This paper begins by introducing the lookup problem in peer-to-peer (P2P) systems, which is that of finding data in a large P2P system containing a dynamic set of nodes in a scalable manner without introducing any centralization or hierarchy. The paper focuses primarily on solutions based on the distributed hash table (DHT) abstraction, after briefly outlining the problems with solutions involving a central database or hierarchical distributed storage structures. The main benefits of a DHT-based solution are that it has few constraints, including that all data items be uniquely identified with a numeric key and that nodes store data for other nodes. A DHT implements only a lookup operation that takes as input the identifying key of a data item and returns the location of the node that is responsible for that data item. A DHT lookup algorithm must address the following: mapping keys to nodes in a load-balanced way, forwarding lookups to the appropriate nodes, providing a distance function that describes the closeness of keys to each other and nodes to each other, and adaptively build routing tables.

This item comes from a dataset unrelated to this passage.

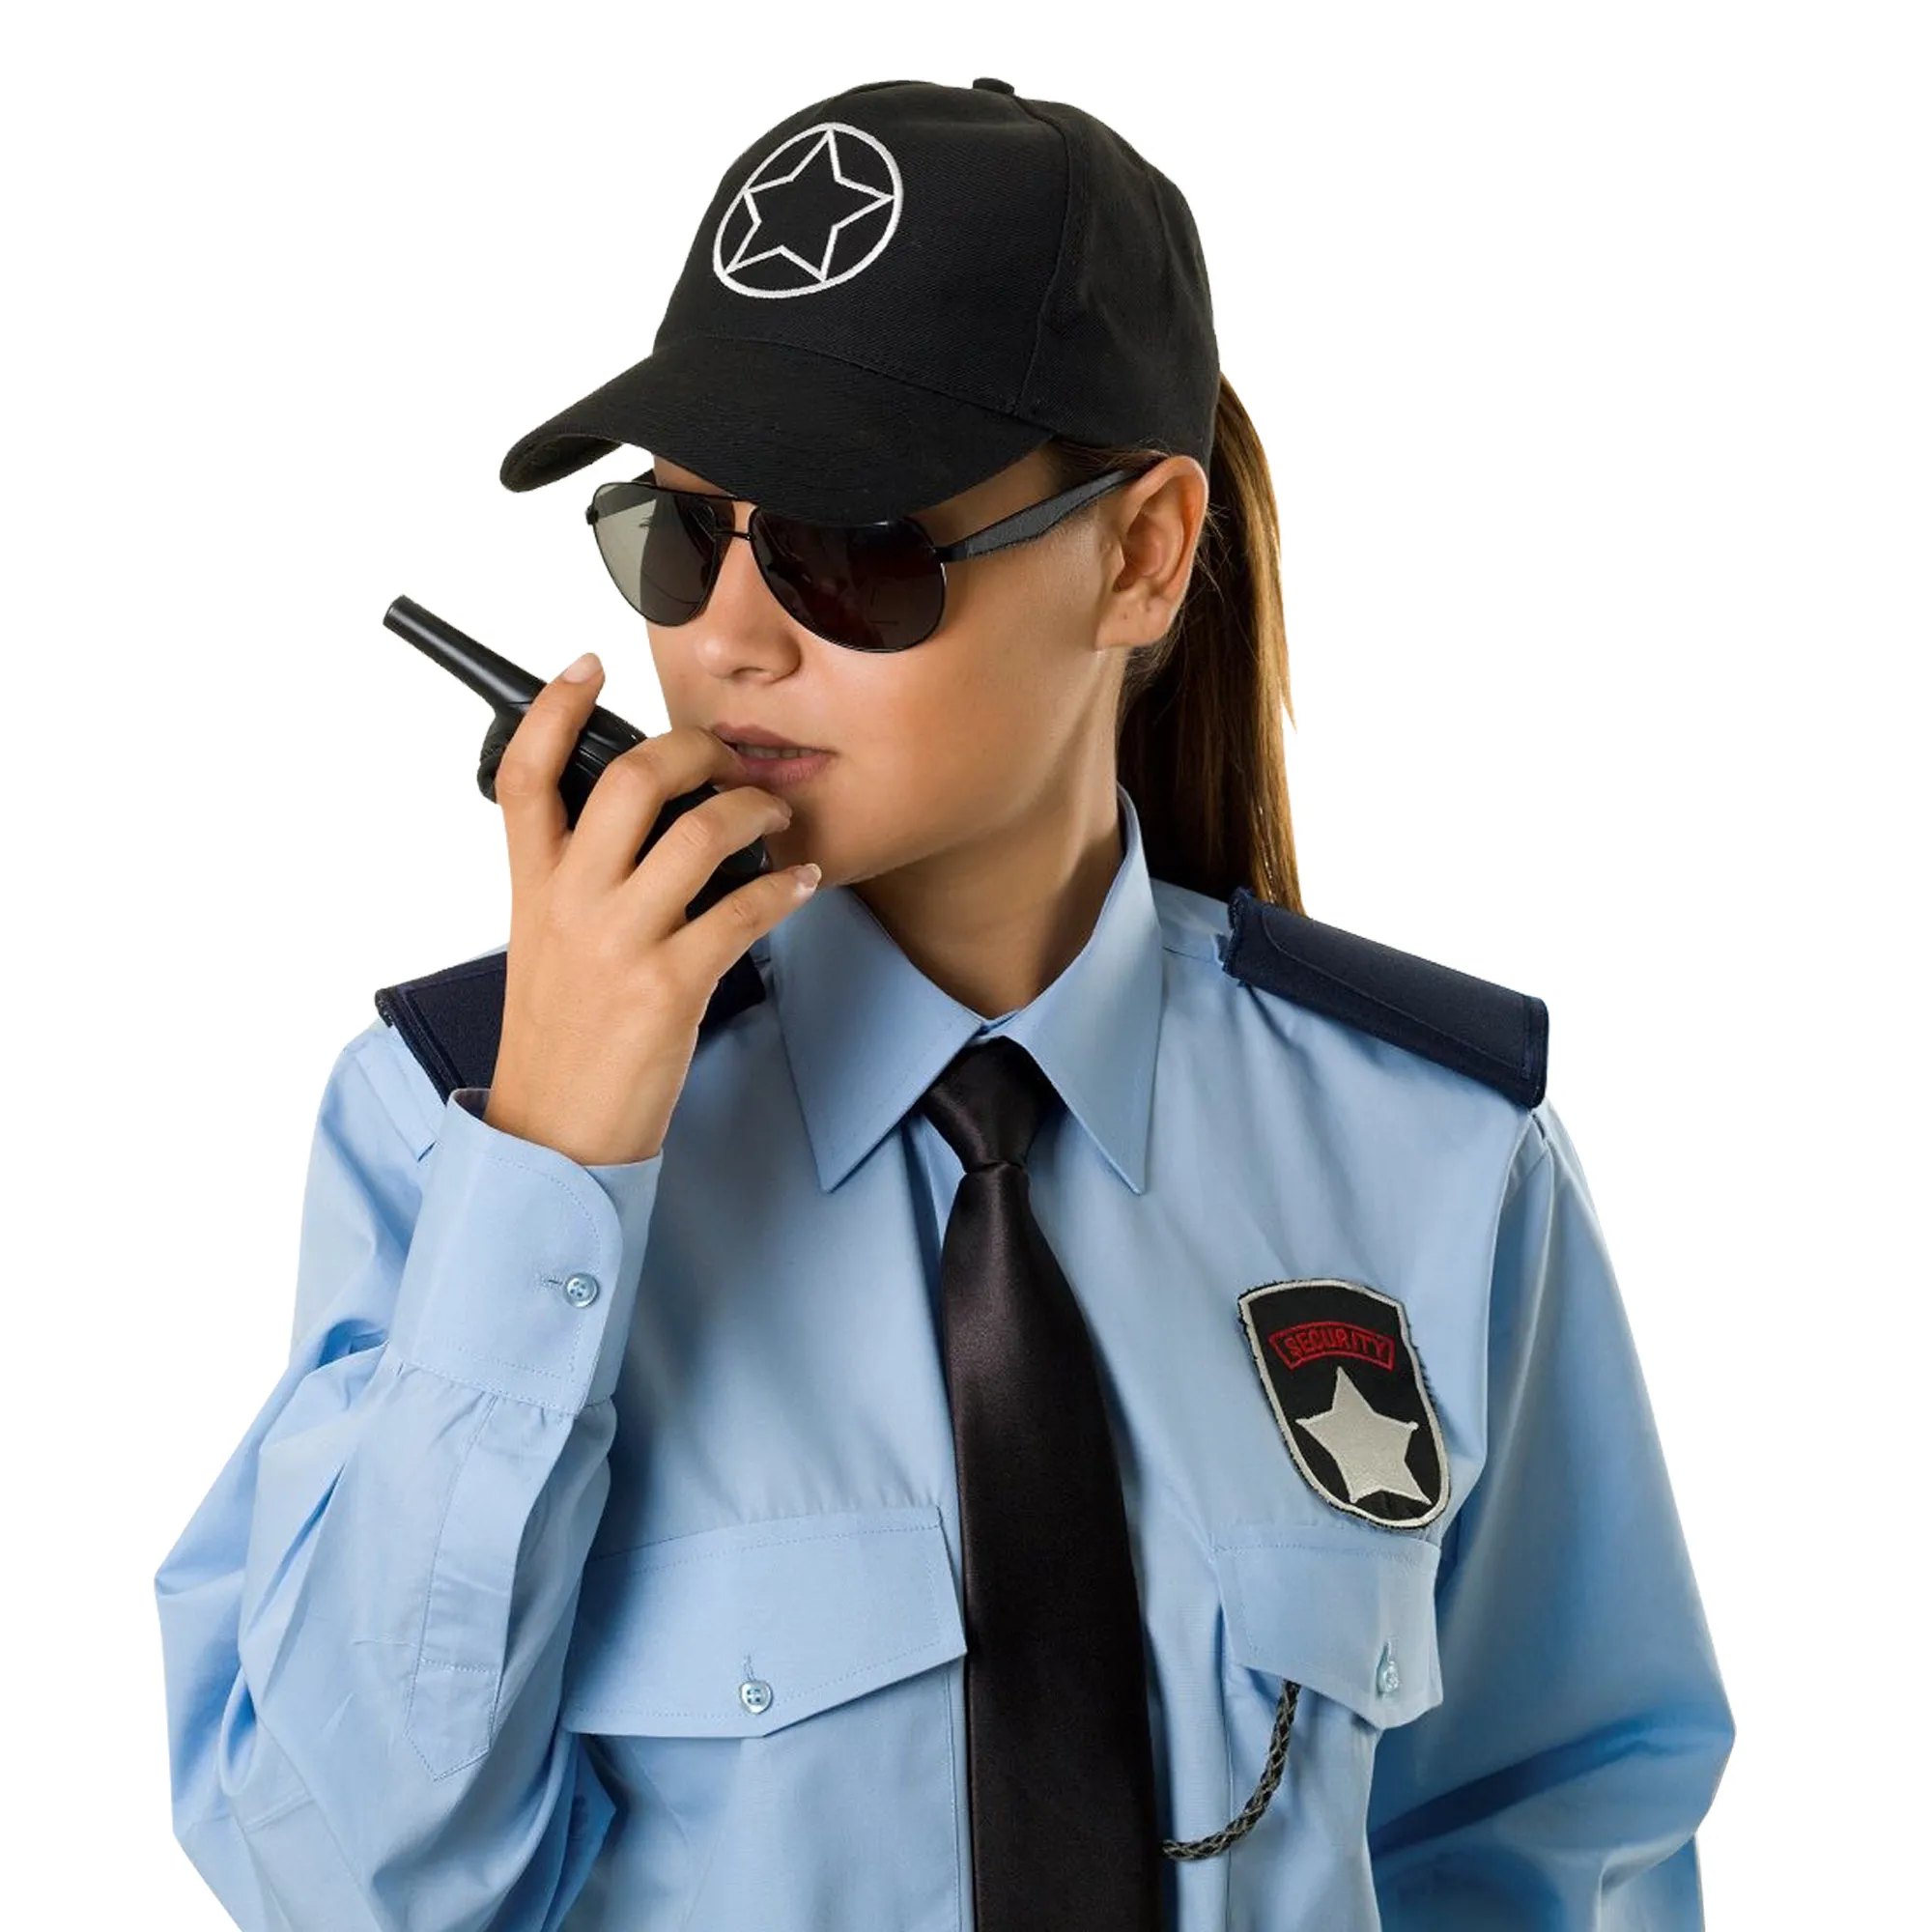 Спецодежда и униформа для охраны и охранных стуктур#3
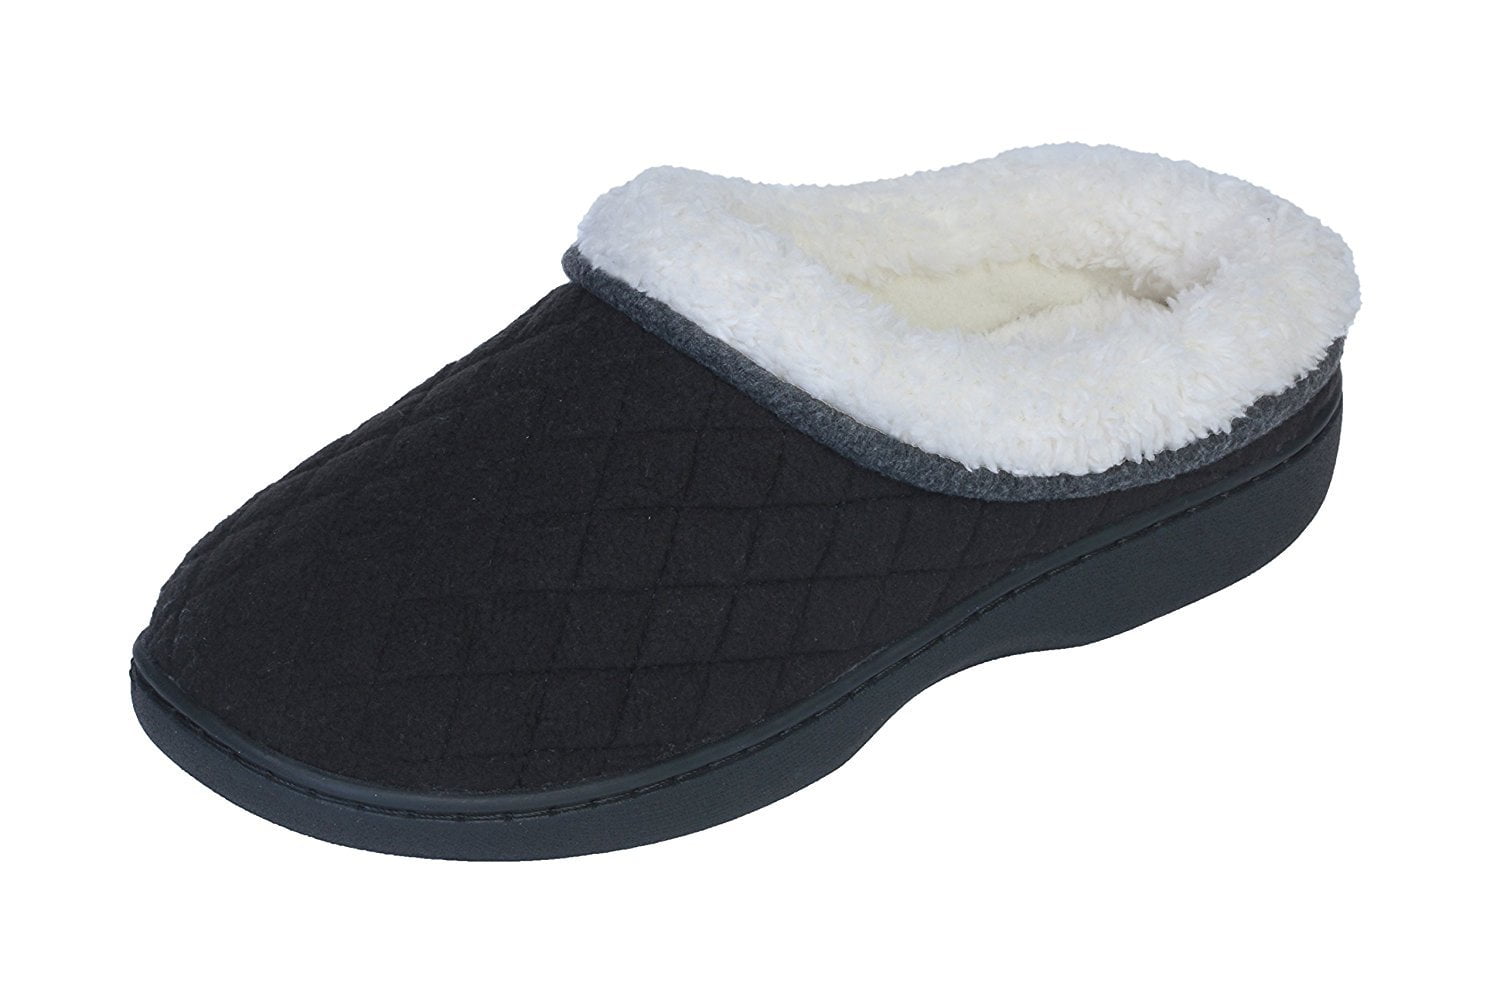 walmart slip on shoes memory foam

The various DHT-based lookup algorithms reviewed in this paper include CAN, Chord, Kademlia, Pastry, Tapestry, and Viceroy. These vary in the data structures they use to provide O(log N) lookups, their routing dimensions, emphasis, distance functions, various operation costs, degree of fault tolerance and concurrency, routing, and security measures. For example, Chord maintains a skiplist-like data structure, while Pastry, Tapestry, and Kademlia use a tree-based structure. In contrast, CAN uses a d-dimensional Cartesian coordinate space as its abstraction. With respect to distance functions, Chord uses distance in the skiplist that is unidirectional and asymmetric, while Pastry uses prefixes and numeric distances and so is symmetric but not unidirectional, and Kademlia uses an XOR-based function that is both unidirectional and symmetric. Topics for future work in this area include analyzing operation costs when the system is large and joins and departures are frequent, improving routing latency, providing security mechanisms, and implementing efficient indexing and keyword search.

Critique

There isn’t much to say in terms of a critique since this paper is just a brief introduction to and description of various algorithms, but I did find it helpful and thought the writing was nicely structured, so I would keep it in the syllabus.

Friday, October 30, 2009

Active Network Vision and Reality: Lessons from a Capsule-Based System

D. Wetherall, "Active Network Vision and Reality: Lessons from a Capsule-Based System," 17th Symposium on Operating Systems Principles," (December 1999).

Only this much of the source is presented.